Quand on évoque les civilisations anciennes des Amériques, on pense souvent aux innovations agricoles, aux danses cérémonielles ou à l’architecture mésoaméricaine. Cependant, le Nouveau Monde ne se limitait pas au travail et au culte. Les découvertes archéologiques tendent à privilégier les interprétations utilitaires ou religieuses des vestiges précolombiens, mais elles négligent une part essentielle des activités humaines : les loisirs et les jeux, comme le souligne Barbara Voorhies, professeure à l’Université de Californie à Santa Barbara.
De plus en plus, les archéologues reconnaissent que les peuples autochtones de l’Amérique préhistorique pratiquaient divers jeux, notamment des jeux de plateau. Sur l’île de Tlacuachero, au sud du Mexique, datant d’environ 5 000 ans, un sol en argile perforé de trous formant des motifs ovales a été découvert. Si certains trous servaient probablement à fixer des piquets pour sécher poissons et coquillages, d’autres, disposés en ovales, semblent avoir constitué un plateau pour un jeu ancestral.
Des millénaires plus tard, les Mayas inventèrent le Bul, un jeu de plateau combinant astucieusement éléments de jeux de course et stratégies rappelant les échecs. Le but était de capturer les pièces adverses pour les ramener à son camp.
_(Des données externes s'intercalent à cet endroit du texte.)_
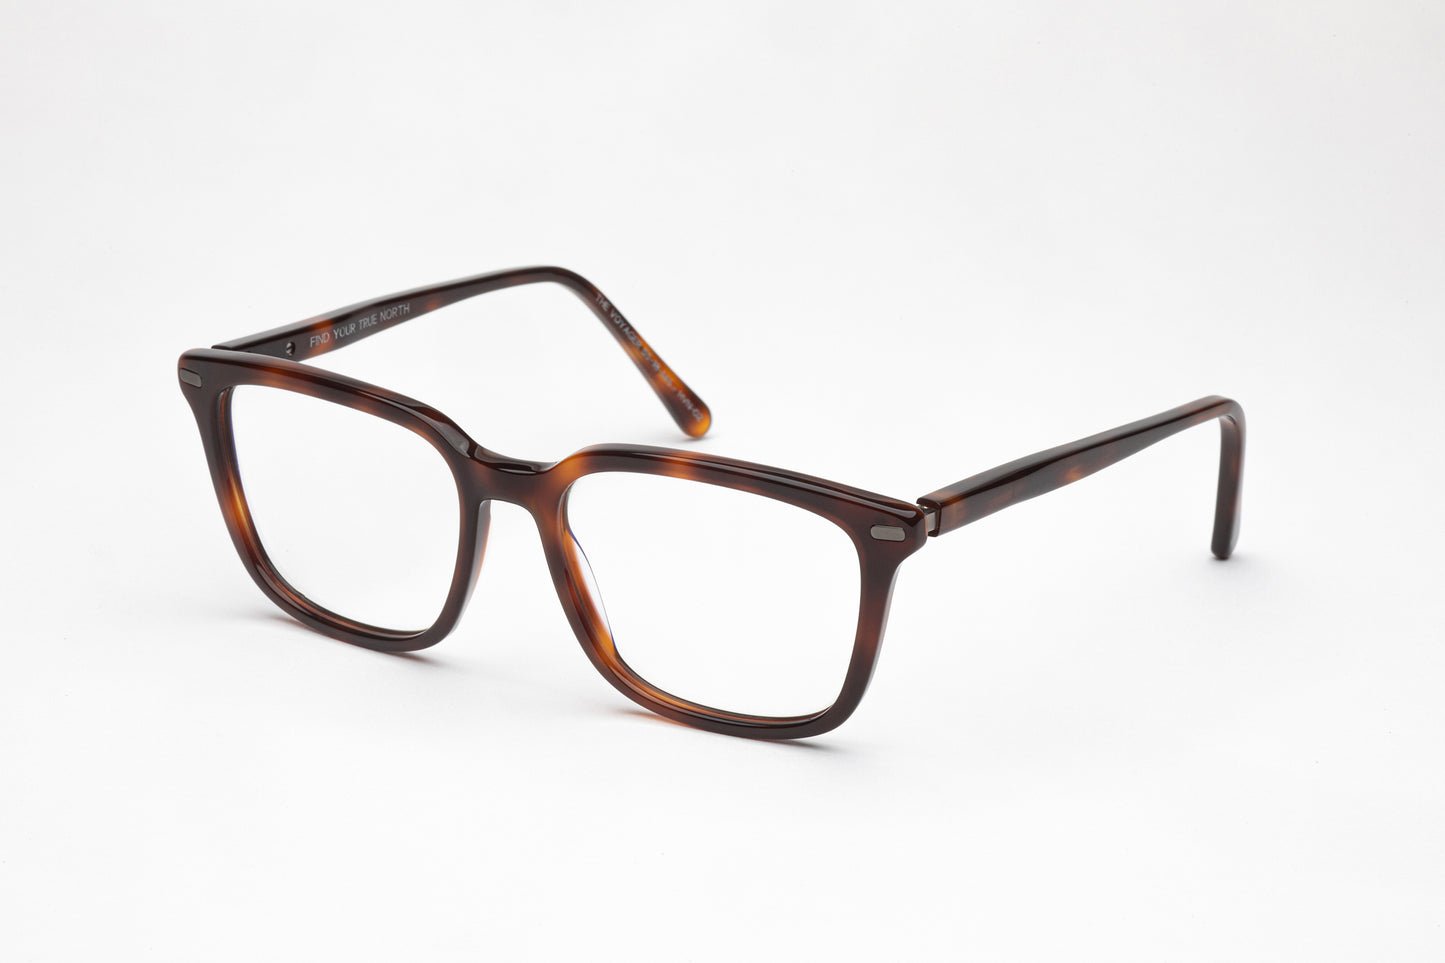 Angled View - The Voyager | Premium Square Acetate Frames – Designer Prescription Glasses  -  Tortoiseshell
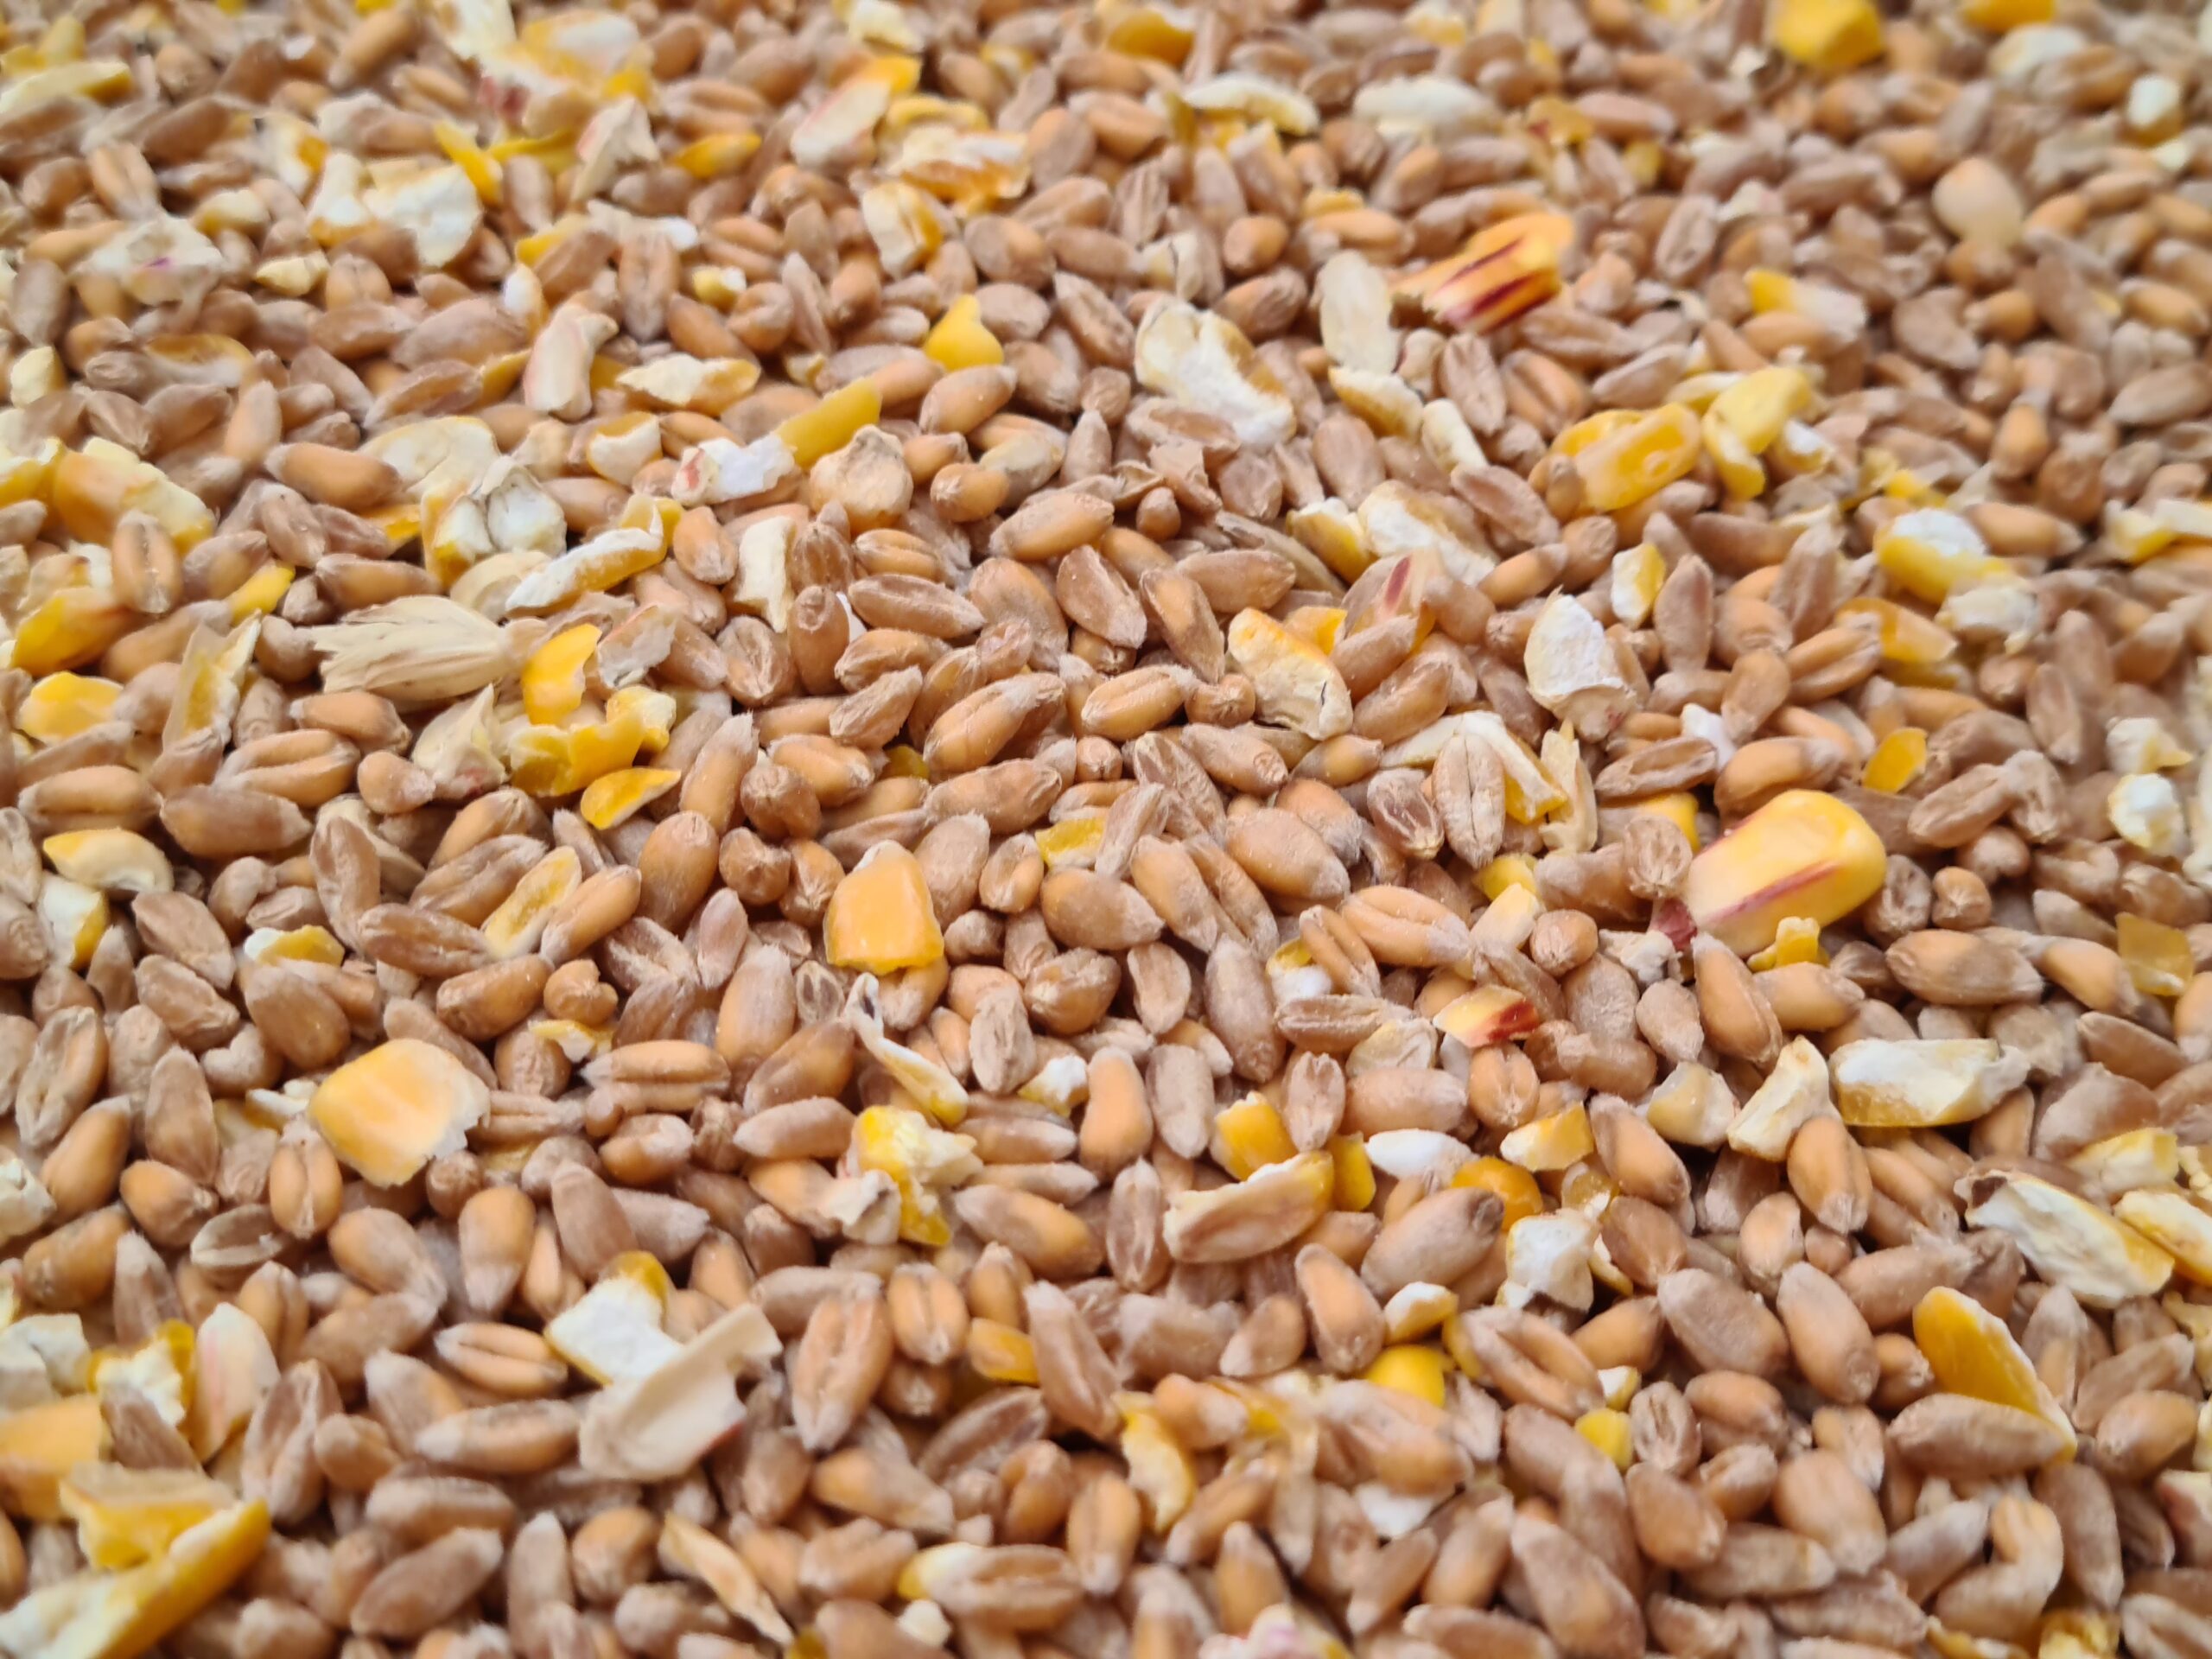 روسيا تواصل خفض ضريبة تصدير القمح.. وتترك الذرة دون تغيير للفترة من 3 إلى 9 يوليو

De leur côté, les Zuni, peuple établi dans l’actuel New Mexico, développèrent l’Awithlaknakwe, où six « guerriers de pierre » progressaient sur un vaste plateau de 168 cases. L’origine exacte de ces jeux reste incertaine, mais leur singularité suggère une création indépendante des influences européennes.

En plus des jeux de plateau, les sports compétitifs occupaient une place importante dans les sociétés amérindiennes. Les Iroquois, par exemple, jouaient dès le XIe siècle à une forme ancestrale de ce que nous appelons aujourd’hui la crosse. Ce sport, nommé baggataway ou tewaraathon, pouvait rassembler jusqu’à mille joueurs lors de parties qui s’étendaient sur plusieurs jours. Les colons français, observant les crosses filetées, les comparèrent à la crosse épiscopale, d’où le nom « lacrosse ».
Les civilisations maya et aztèque disposaient elles aussi de leurs propres disciplines sportives. On compte parmi elles un jeu de balle mésoaméricain, l’ulama ou tlachtli, considéré comme l’ancêtre d’une version régionale de la crosse. Ce sport millénaire utilisait une balle en caoutchouc natif du Nouveau Monde, pesant environ 7 kg. Plus qu’un simple divertissement, ce jeu revêtait un caractère rituel, étant souvent associé à des sacrifices humains : le perdant, voire parfois le gagnant selon les sources, pouvait être sacrifié par décapitation.